The roadmap includes introducing a Near Compute Storage (NCS) layer, providing shared 'hot storage' capacity between compute nodes and object storage. Pliops and Zilliz expect that combining Milvus with the LightningAI architecture will unlock larger context windows for AI models while reducing both infrastructure and memory costs.
KV-cache offload
Central to these advancements is hardware-accelerated KV-Cache Offload, a feature that supports efficient retrieval and inference for large language models and other AI applications. By moving key-value processing closer to storage hardware, the solution enables more users per GPU and larger models without the typical memory limitations.
Executive perspectives
"LightningAI is designed to make AI inference scalable and affordable. Partnering with Zilliz brings the best of storage and retrieval intelligence together," said Ido Bukspan, CEO, Pliops.

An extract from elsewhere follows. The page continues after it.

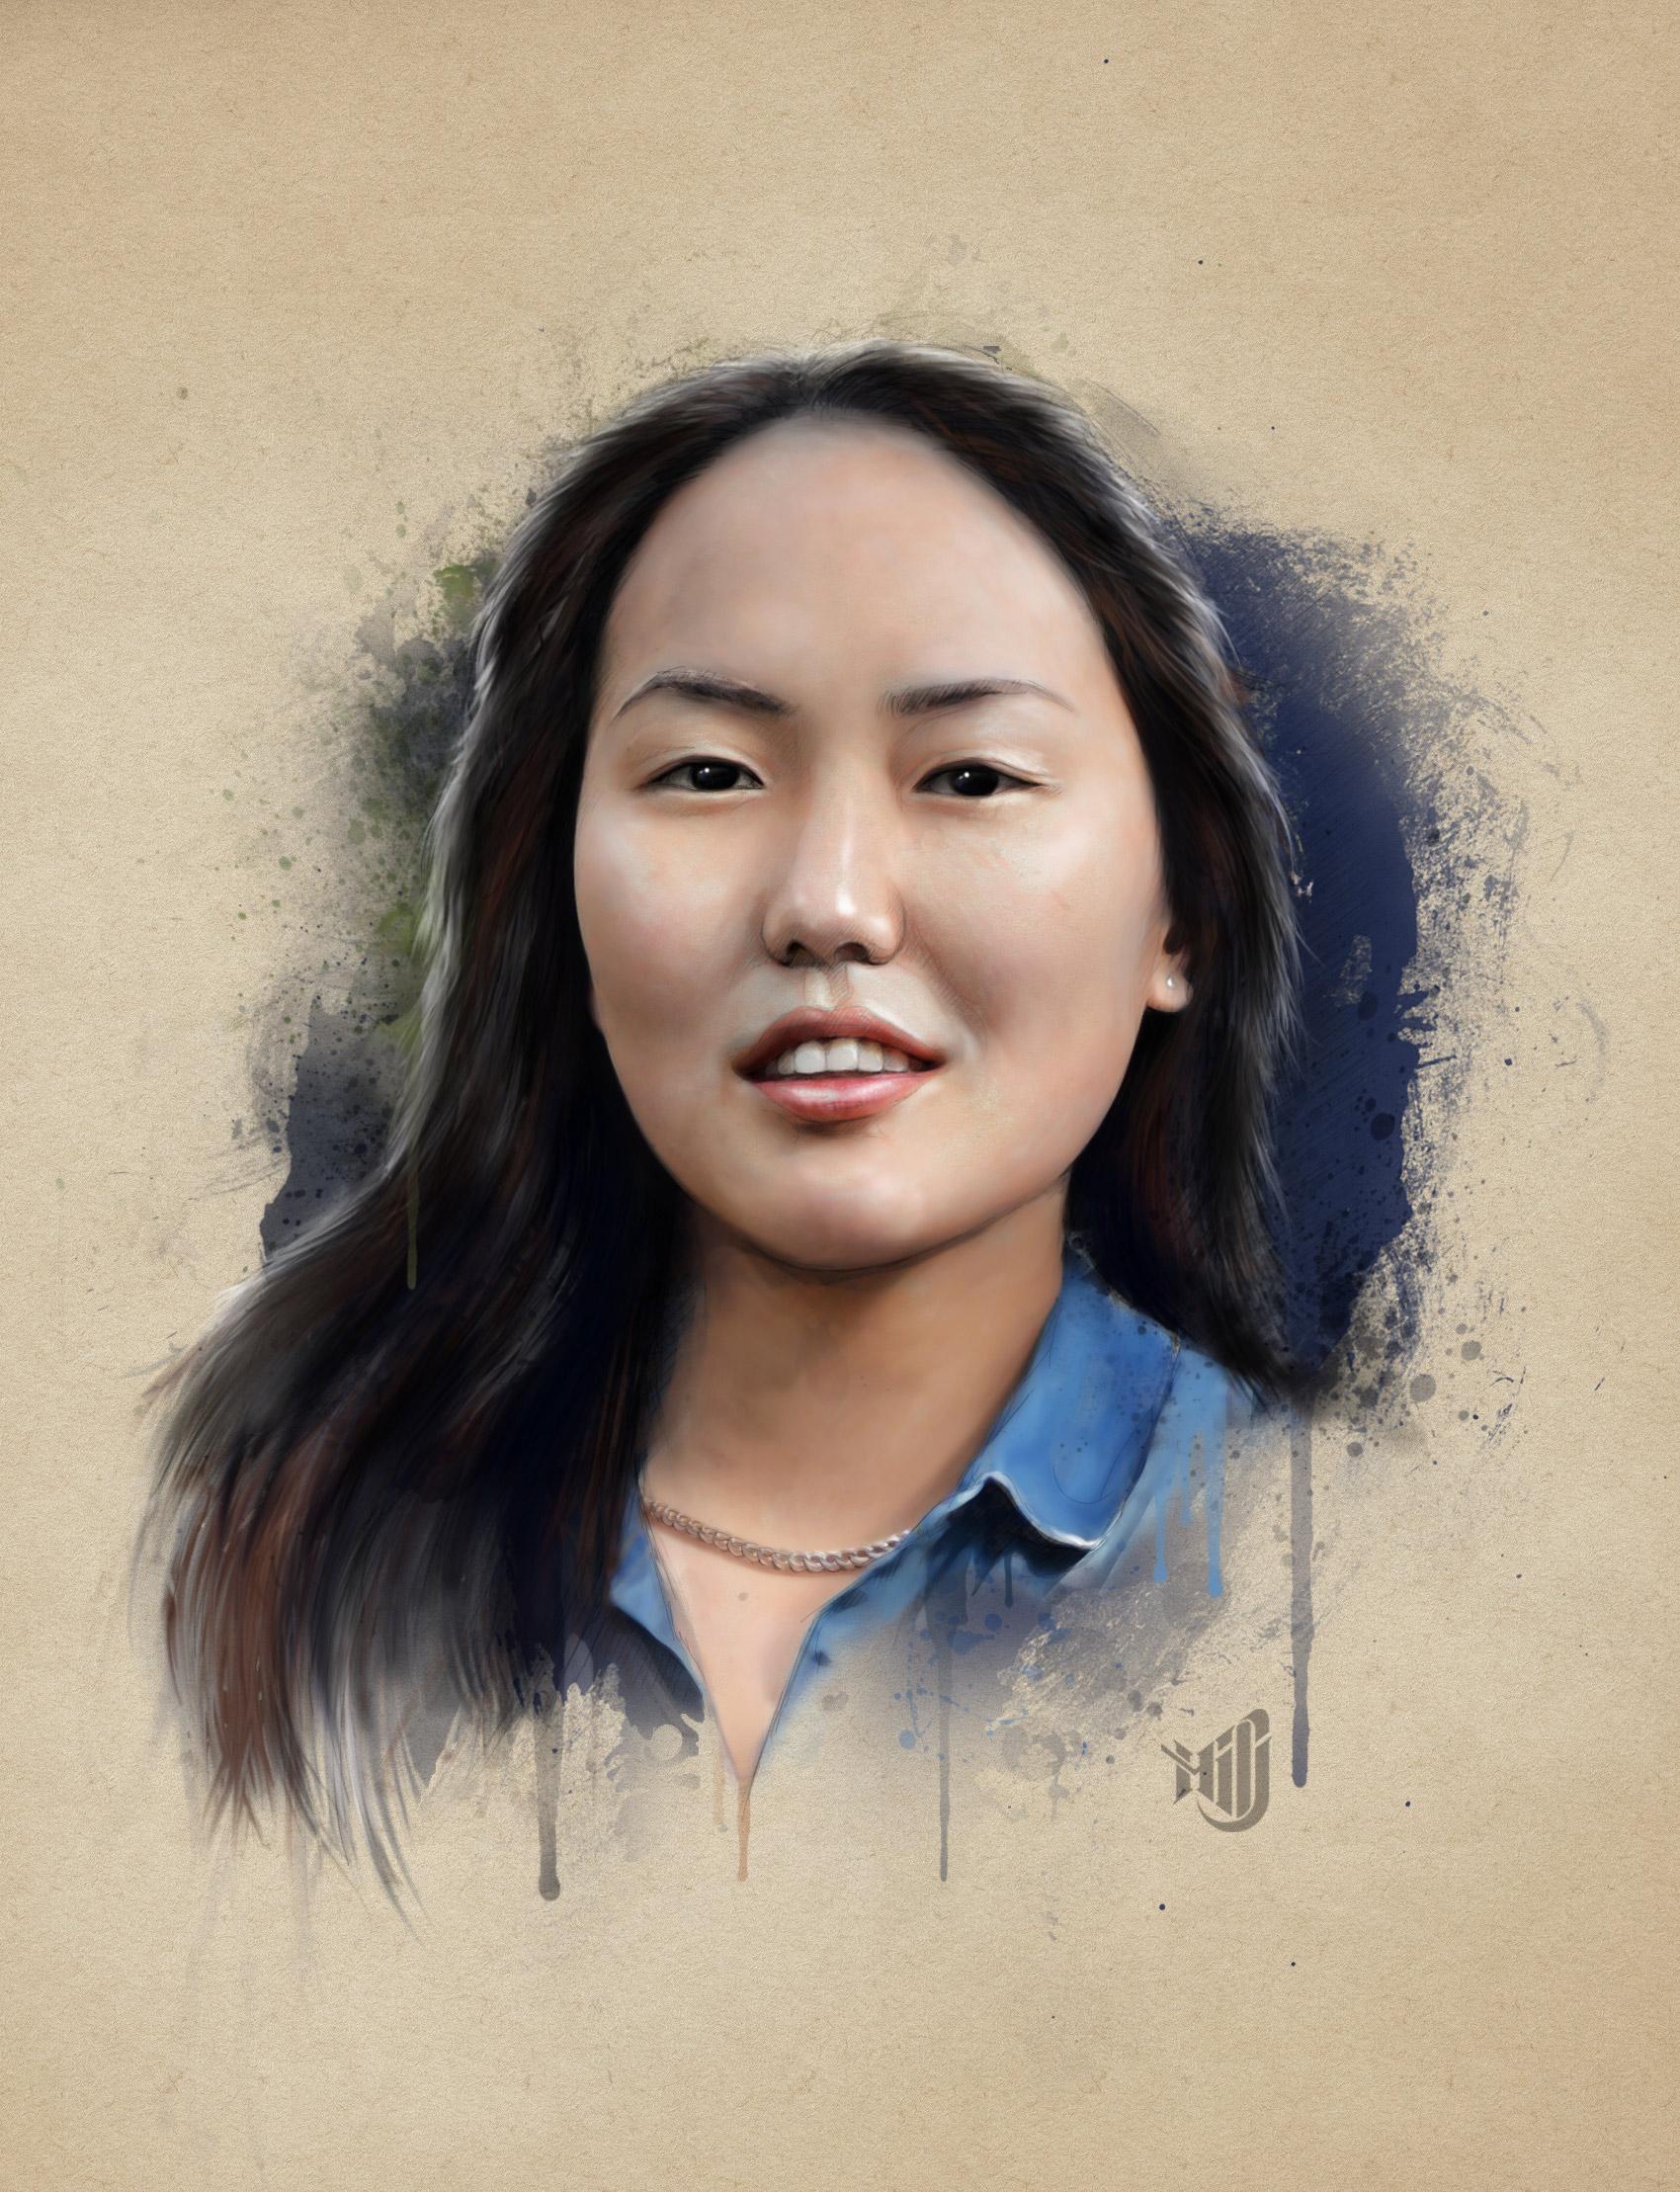 Цифровой портрет по фото

Charles Xie, Founder and CEO of Zilliz, commented:
"Pliops' LightningAI introduces a breakthrough approach to scaling GenAI inference, and integrating it with Milvus unlocks truly massive context retrieval at a fraction of the traditional cost. As the creators of Milvus, we're committed to advancing what's possible in vector search. This collaboration gives enterprises a clear path to run larger models, access more knowledge, and deliver faster AI experiences - all without the memory limitations that have constrained GenAI until now," said Xie.
Ecosystem expansion
Pliops is expanding its AI ecosystem through integration with server providers such as Viking Enterprise Solutions and Giga Computing. These integrations make use of the LightningAI memory architecture in turnkey platforms for KV-cache offload and large language model inference. By coupling Pliops' hardware-accelerated approaches with advanced server systems, organisations can deploy generative AI workloads in both data centre and edge environments more efficiently.
Open source and availability
Pliops and Zilliz will publish technical details and a request for comment (RFC) about the Near Compute Storage enhancements for Milvus via open-source channels. The progress of this initiative will be shared with the developer and enterprise communities as part of their broader push to increase accessibility and efficiency in AI infrastructure.